P.S. И я не считаю тебя придурком

P. P. S. По крайней мере не все время

Стюарт Шах, бестселлер «Нью-Йорк Таймс»

Мы со Стюартом встретились утром, перед тем как он уехал в Нью-Йорк на автобусе. Он зашел ко мне, и мы сели в пластмассовые кресла. Он опять был в сером, с набитым рюкзаком за плечами. Эхолокация между нами улетучилась, будто ее заглушила невидимая подушка. Я налила себе чаю, а он – кофе, и мы глядели друг на друга припухшими глазами. Чувствовала я себя в тот день сносно.

– Отлично выглядишь, – похвалил Стюарт.

– Не ври, – ответила я с кривой улыбкой. Один уголок рта еле двигался.

– Я не вру, – возразил он. – Как ты, держишься?

Я не ожидала от него подобной вежливости. Но весь свой гнев он, наверное, уже выплеснул.

– Ничего. А ты?

– Возвращаюсь к городской жизни.

– Рада за тебя.

– Не понимаю, чему тут радоваться, – ответил Стюарт почти со злобой.

Так вот он, гнев, никуда не делся.

– Прости. – Я глубоко вздохнула. – Я уже говорила и повторюсь: прости, что я так себя вела.

– До сих пор в голове не укладывается, – признался Стюарт. – Я для тебя был готов на многое, а ты взяла и все растоптала.

– Я с самого начала… – Я мучительно подбирала слова, и было неловко. – Я с самого начала не понимала, почему ты готов отдать мне себя целиком, даже не зная меня как следует.

– Ты мне нравишься! Я старался сделать все правильно!

– Знаю. И ты мне нравишься. Всегда нравился.

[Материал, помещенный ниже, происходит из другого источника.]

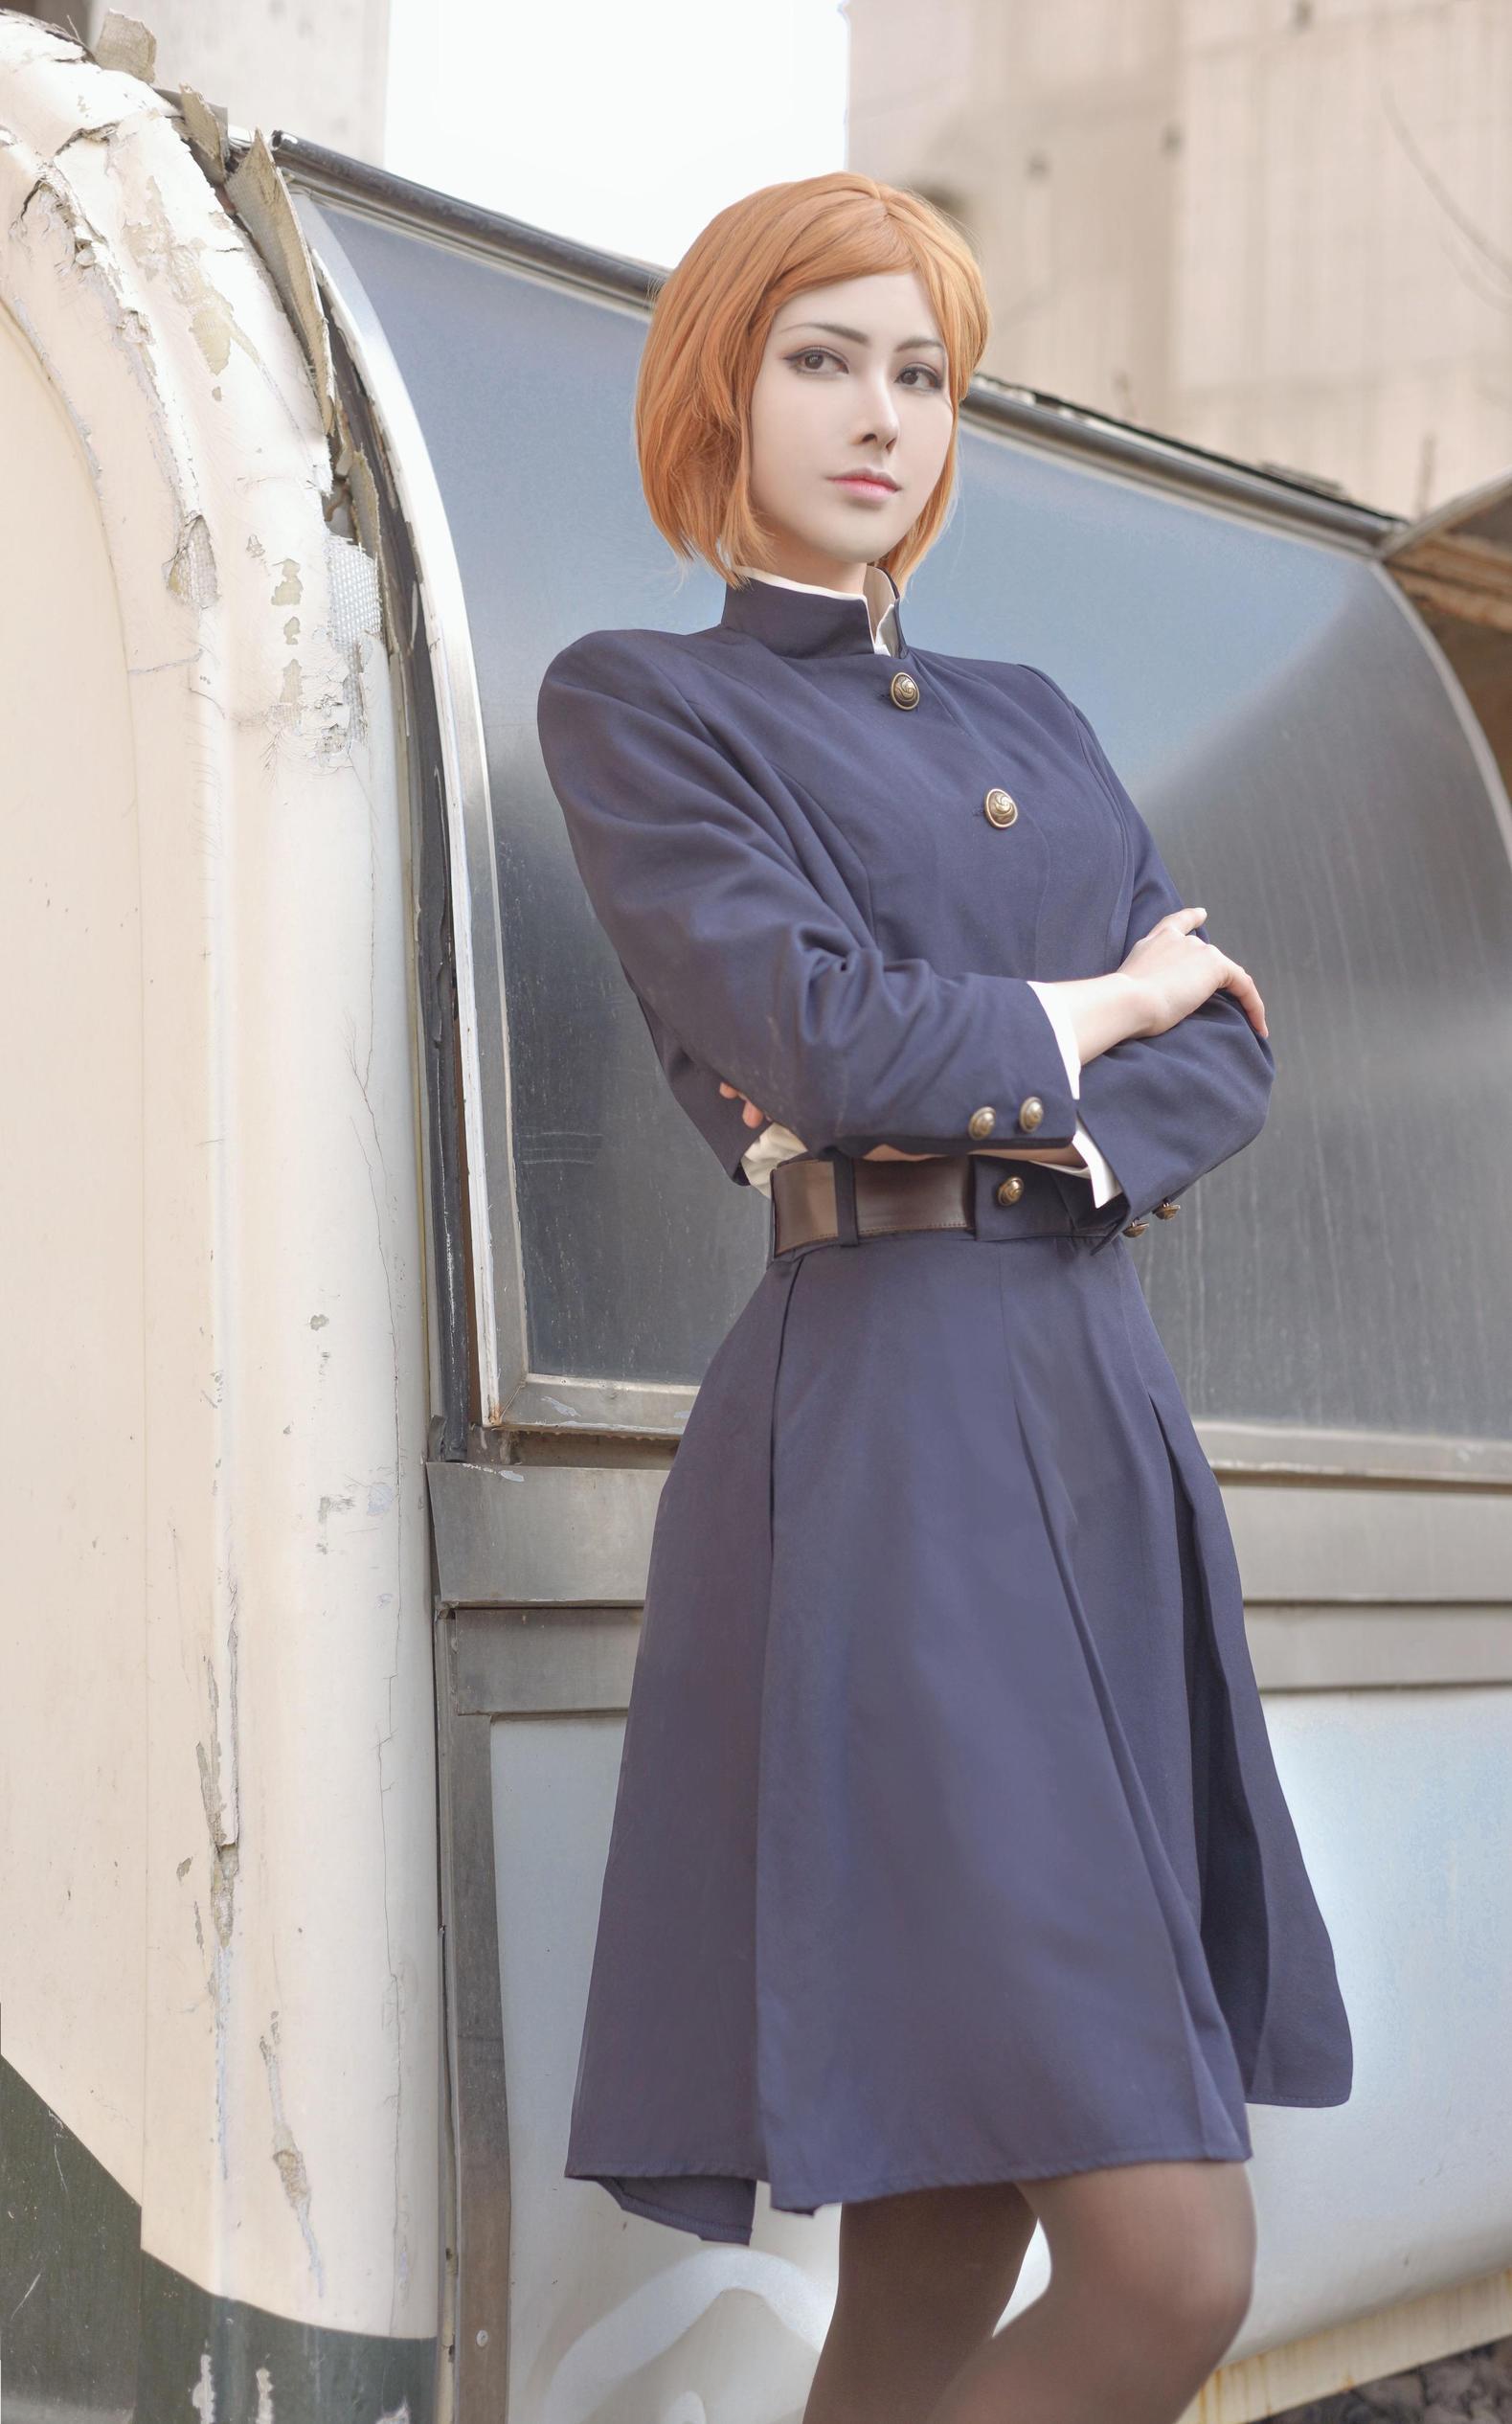 《咒术回战》蔷薇cosplay【CN:Cn_脸扁】 -cosplay冬装价格图片精选插图

– Может, тебе нравился не я, а придуманный образ. – Он махнул рукой куда-то в пустоту. – Нравилось сознавать, что ты так давно обо мне мечтала и вот заполучила; нравилось, что я стану знаменитым писателем.

– М-м-м… – Я задумалась.

– Признайся же.

– Да, и поэтому тоже. Все на самом деле сложнее. Есть и другой Стюарт – который читает вслух стихи, когда пьян, и гладит каждую собаку. Есть тот Стюарт, которого я всегда… хотела… хотела…

Стюарт отмахнулся.

– Понял.

– Ах, какие мы скромные стали за эти дни!

Стюарт неловко хохотнул.

– За эти дни! Уже неделя прошла!

Надо было обратить все в шутку, иначе бы я сорвалась. Я причинила ему боль, и сейчас, когда он был рядом, ощущала ее физически, как раньше ощущала нашу связь. И себе я тоже сделала больно. Хотелось взять свои слова назад, но в последние месяцы я так часто об этом мечтала, что слова утратили для меня всякую цену. И слез у меня не осталось.

– Кажется, будто прошла вечность.

– Мечтаешь меня вернуть? – спросил Стюарт то ли в шутку, то ли всерьез. Он по-прежнему смотрел не на меня, а на склон горы.

– А что, хочешь, чтобы я вернулась? – поддразнила я.

– Не уверен. Не то чтобы… Я просто… – забормотал он.

– Я пошутила. Со мной всегда было нелегко, даже до болезни.

– Все, больше ни одной девушке не позволю втянуть себя в объяснения из-за какой-то там эсэмэски. Терпения у тебя не больше, чем у аквариумной рыбки.

Я разозлилась.

– А вот и неправда!

– Ну ладно.

Вышла мама, стуча деревянными подошвами, набросила полотенце на спинку одного из пустых кресел и снова ушла.

Стюарт уронил подбородок на руки.

– Время было самое неподходящее.

– Ха! – вырвалось у меня. – Чья бы… чья бы…

Стюарт закрыл лицо руками.

– Чья бы корова мычала.

– Да, – отозвалась я.

Стюарт вновь положил руки на колени, выдохнул.

– Скажу как есть. Литературный агент от меня отказался. Вот и пришлось ехать в Нью-Йорк. – Он уставился в землю.

– Ох…

– За все время, пока я здесь жил, я и страницы не написал.

– Сочувствую. – Так вот почему он увиливал от разговоров о своей работе. Он тоже, как и я, лишился будущего. – А тот рассказ, который ты готовил для Марианы Олива?